AM-4030

Today, we want to delve into the fascinating world of AM-4030. Whether you are a history buff, a technology enthusiast, or simply someone curious to discover new perspectives, we are sure that this article will captivate you from the beginning. Immerse yourself with us on a journey that will span from the origins of AM-4030 to its impact on modern society, exploring its cultural, scientific and emotional implications. Join us as we explore the different aspects of AM-4030, unraveling its importance and relevance in today's world.

AM-4030
Identifiers
  • (6S,6aR,9R,10aR)-9-(hydroxymethyl)-6--6-methyl-3-(2-methyloctan-2-yl)-6a,7,8,9,10,10a-hexahydrobenzochromen-1-ol
CAS Number
PubChem CID
ChemSpider
UNII
CompTox Dashboard (EPA)
Chemical and physical data
FormulaC27H42O4
Molar mass430.629 g·mol−1
3D model (JSmol)
  • OCC=CC3(C)C1CCC(CO)CC1c2c(O3)cc(cc2O)C(C)(C)CCCCCC
  • InChI=1S/C27H42O4/c1-5-6-7-8-12-26(2,3)20-16-23(30)25-21-15-19(18-29)10-11-22(21)27(4,13-9-14-28)31-24(25)17-20/h9,13,16-17,19,21-22,28-30H,5-8,10-12,14-15,18H2,1-4H3/b13-9+/t19-,21-,22-,27+/m1/s1 checkY
  • Key:SYKOWCSKDYZBIL-BKTWVJDESA-N checkY
  (verify)

AM-4030 is an analgesic drug which is a cannabinoid receptor agonist. It is a derivative of HU-210 which has been substituted with a 6β-((E)-3-hydroxyprop-1-enyl) group.

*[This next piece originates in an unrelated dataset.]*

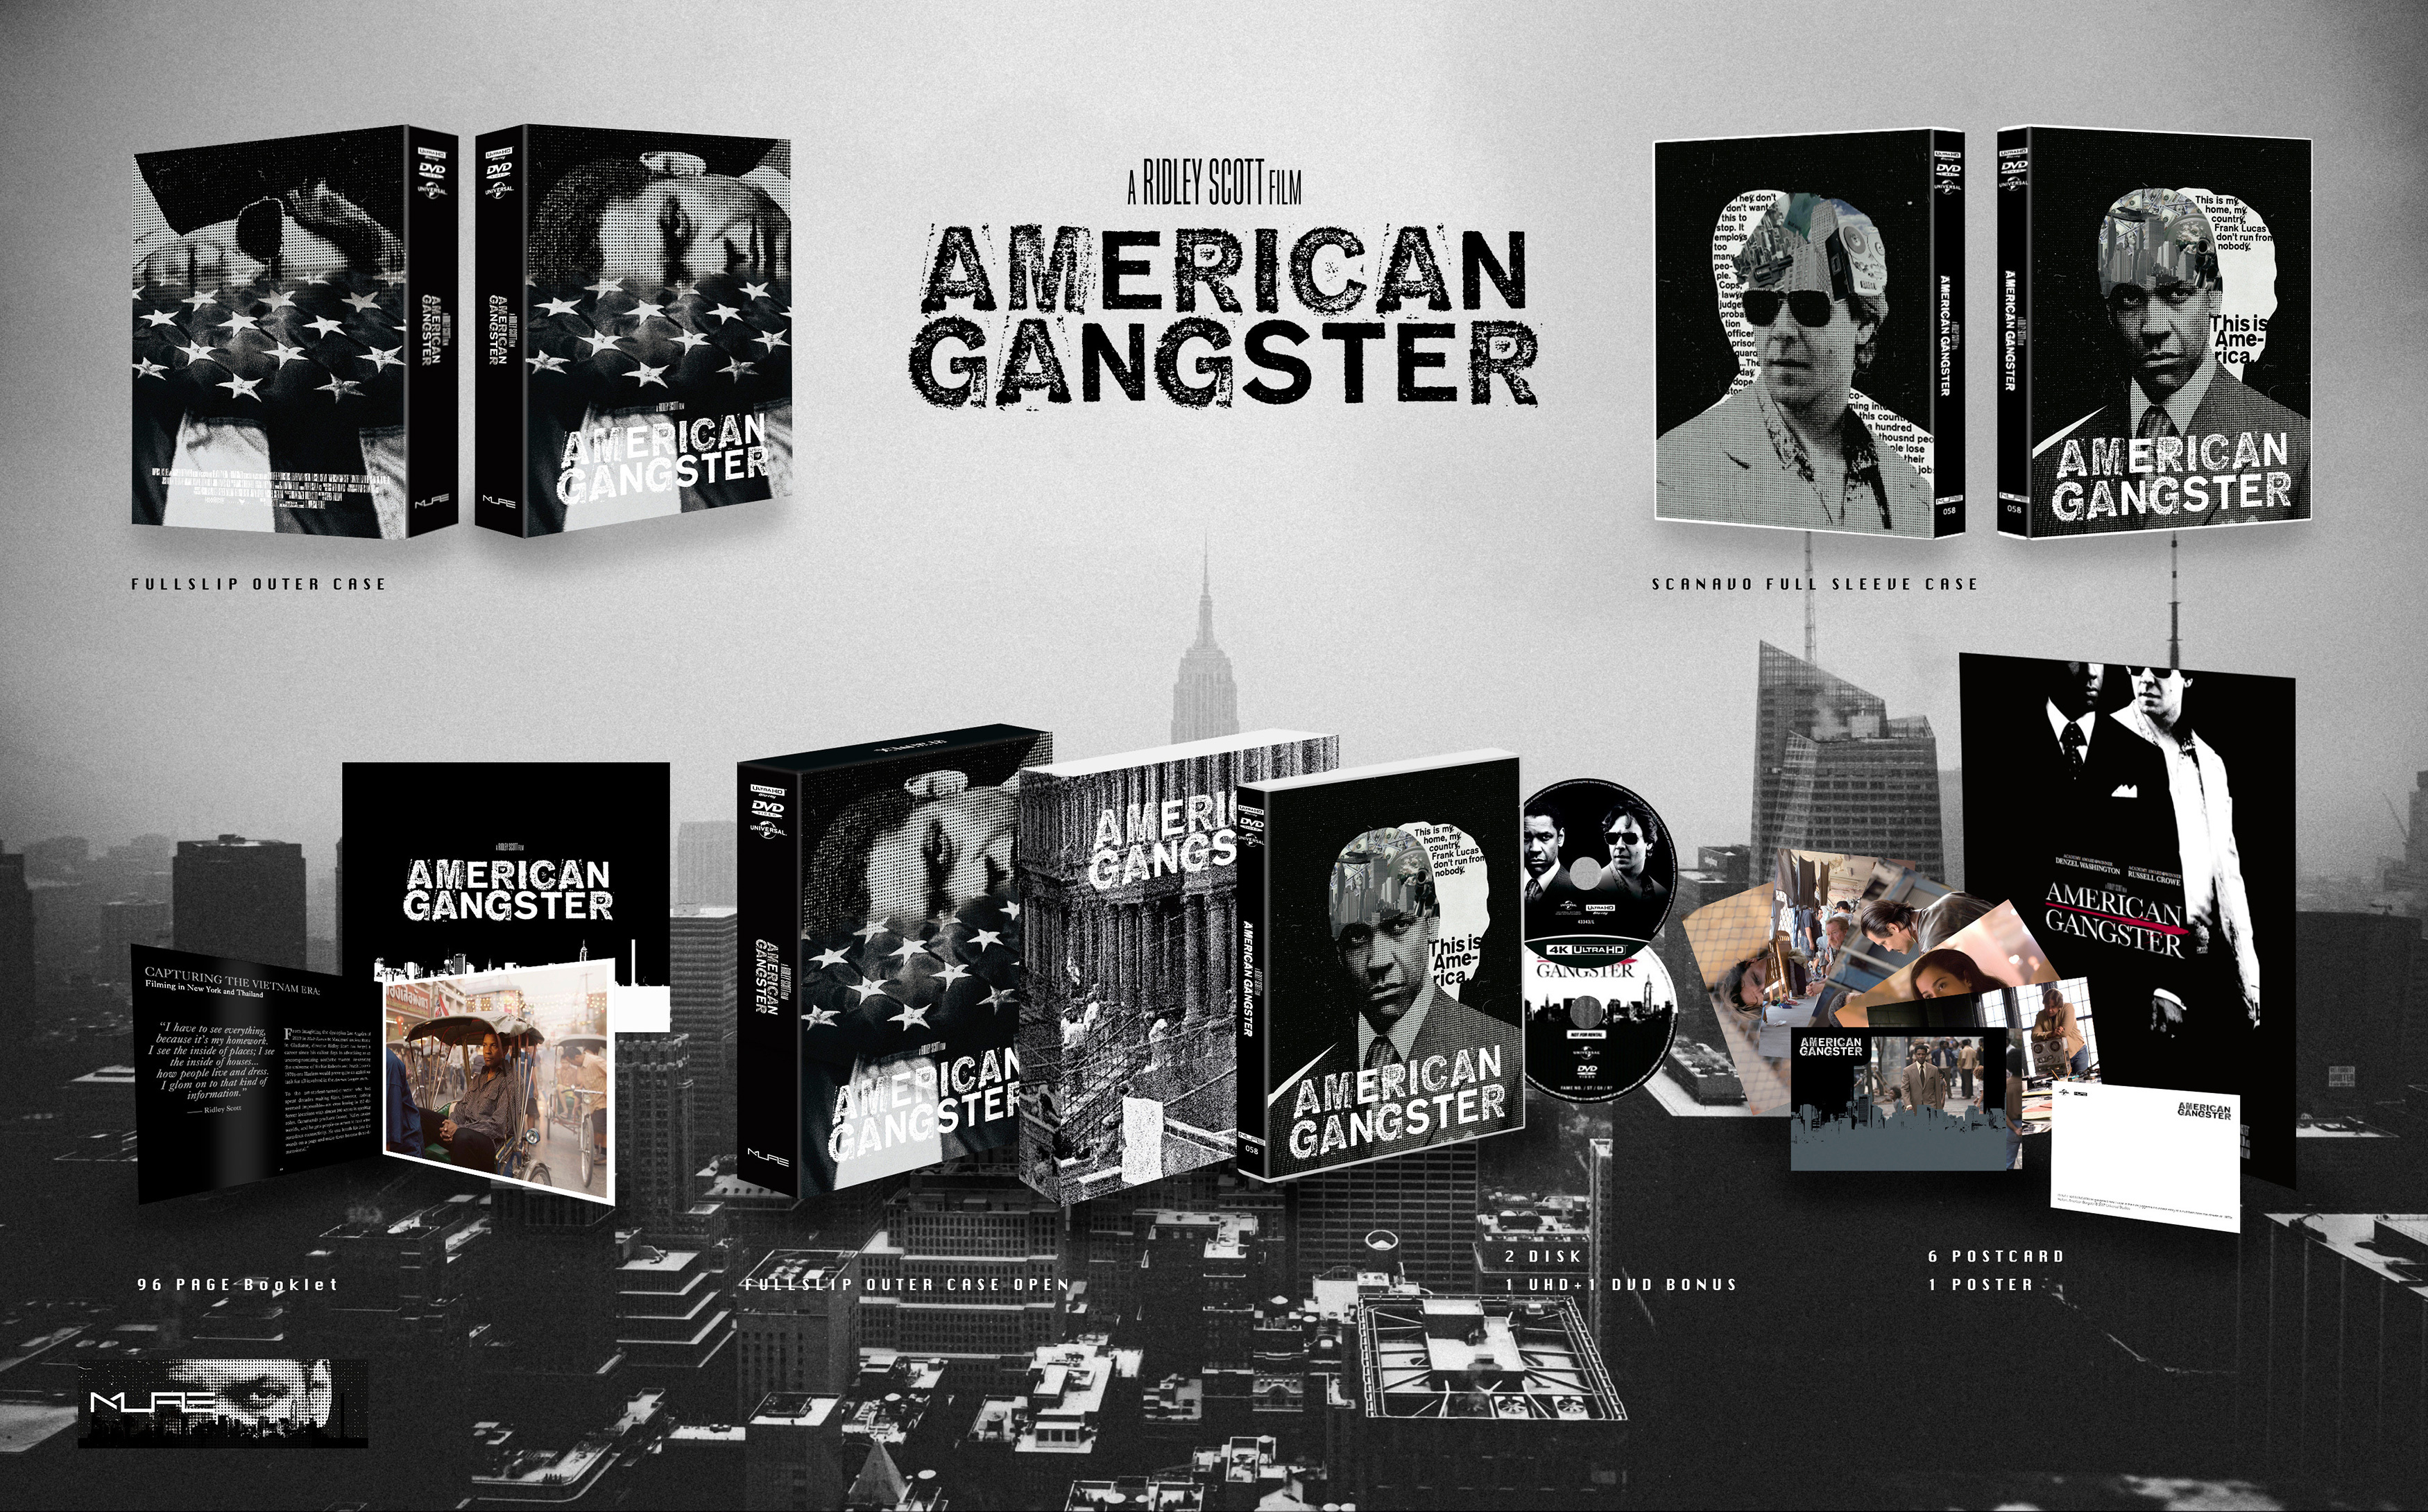 History In Motion: Ridley Scott's American Gangster

This adds a "southern" aliphatic hydroxyl group to the molecule as seen in the CP-series of nonclassical cannabinoid drugs, and so AM-4030 represents a hybrid structure between the classical and nonclassical cannabinoid families,[1] with the 6-hydroxyalkyl chain rigidified with a double bond with defined stereochemistry. This gives AM-4030 a greater degree of selectivity, so while it is still a potent agonist at both CB1 and CB2, it is reasonably selective for CB1, with a Ki of 0.7nM at CB1 and 8.6nM at CB2, a selectivity of around 12x.[2][3] Resolution of the enantiomers of AM-4030 yields an even more potent compound, although with less selectivity, with the (−) enantiomer AM-4030a having a Ki of 0.6nM at CB1 and 1.1nM at CB2.[4]

See also

References

  1. ^ Pertwee R. Cannabinoids. Handbook of Experimental Pharmacology. Vol. 168. Springer. p. 269. ISBN 3-540-22565-X.
  2. ^ Tius MA, Hill WA, Zou XL, Busch-Petersen J, Kawakami JK, Fernandez-Garcia MC, et al. (1995). "Classical/non-classical cannabinoid hybrids; stereochemical requirements for the southern hydroxyalkyl chain". Life Sciences. 56 (23–24): 2007–12. doi:10.1016/0024-3205(95)00182-6. PMID 7776825.
  3. ^ Drake DJ, Jensen RS, Busch-Petersen J, Kawakami JK, Concepcion Fernandez-Garcia M, Fan P, et al. (September 1998). "Classical/nonclassical hybrid cannabinoids: southern aliphatic chain-functionalized C-6beta methyl, ethyl, and propyl analogues". Journal of Medicinal Chemistry. 41 (19): 3596–608. doi:10.1021/jm960677q. PMID 9733485.
  4. ^ Thakur GA, Palmer SL, Harrington PE, Stergiades IA, Tius MA, Makriyannis A (December 2002). "Enantiomeric resolution of a novel chiral cannabinoid receptor ligand". Journal of Biochemical and Biophysical Methods. 54 (1–3): 415–22. doi:10.1016/s0165-022x(02)00144-6. PMID 12543516.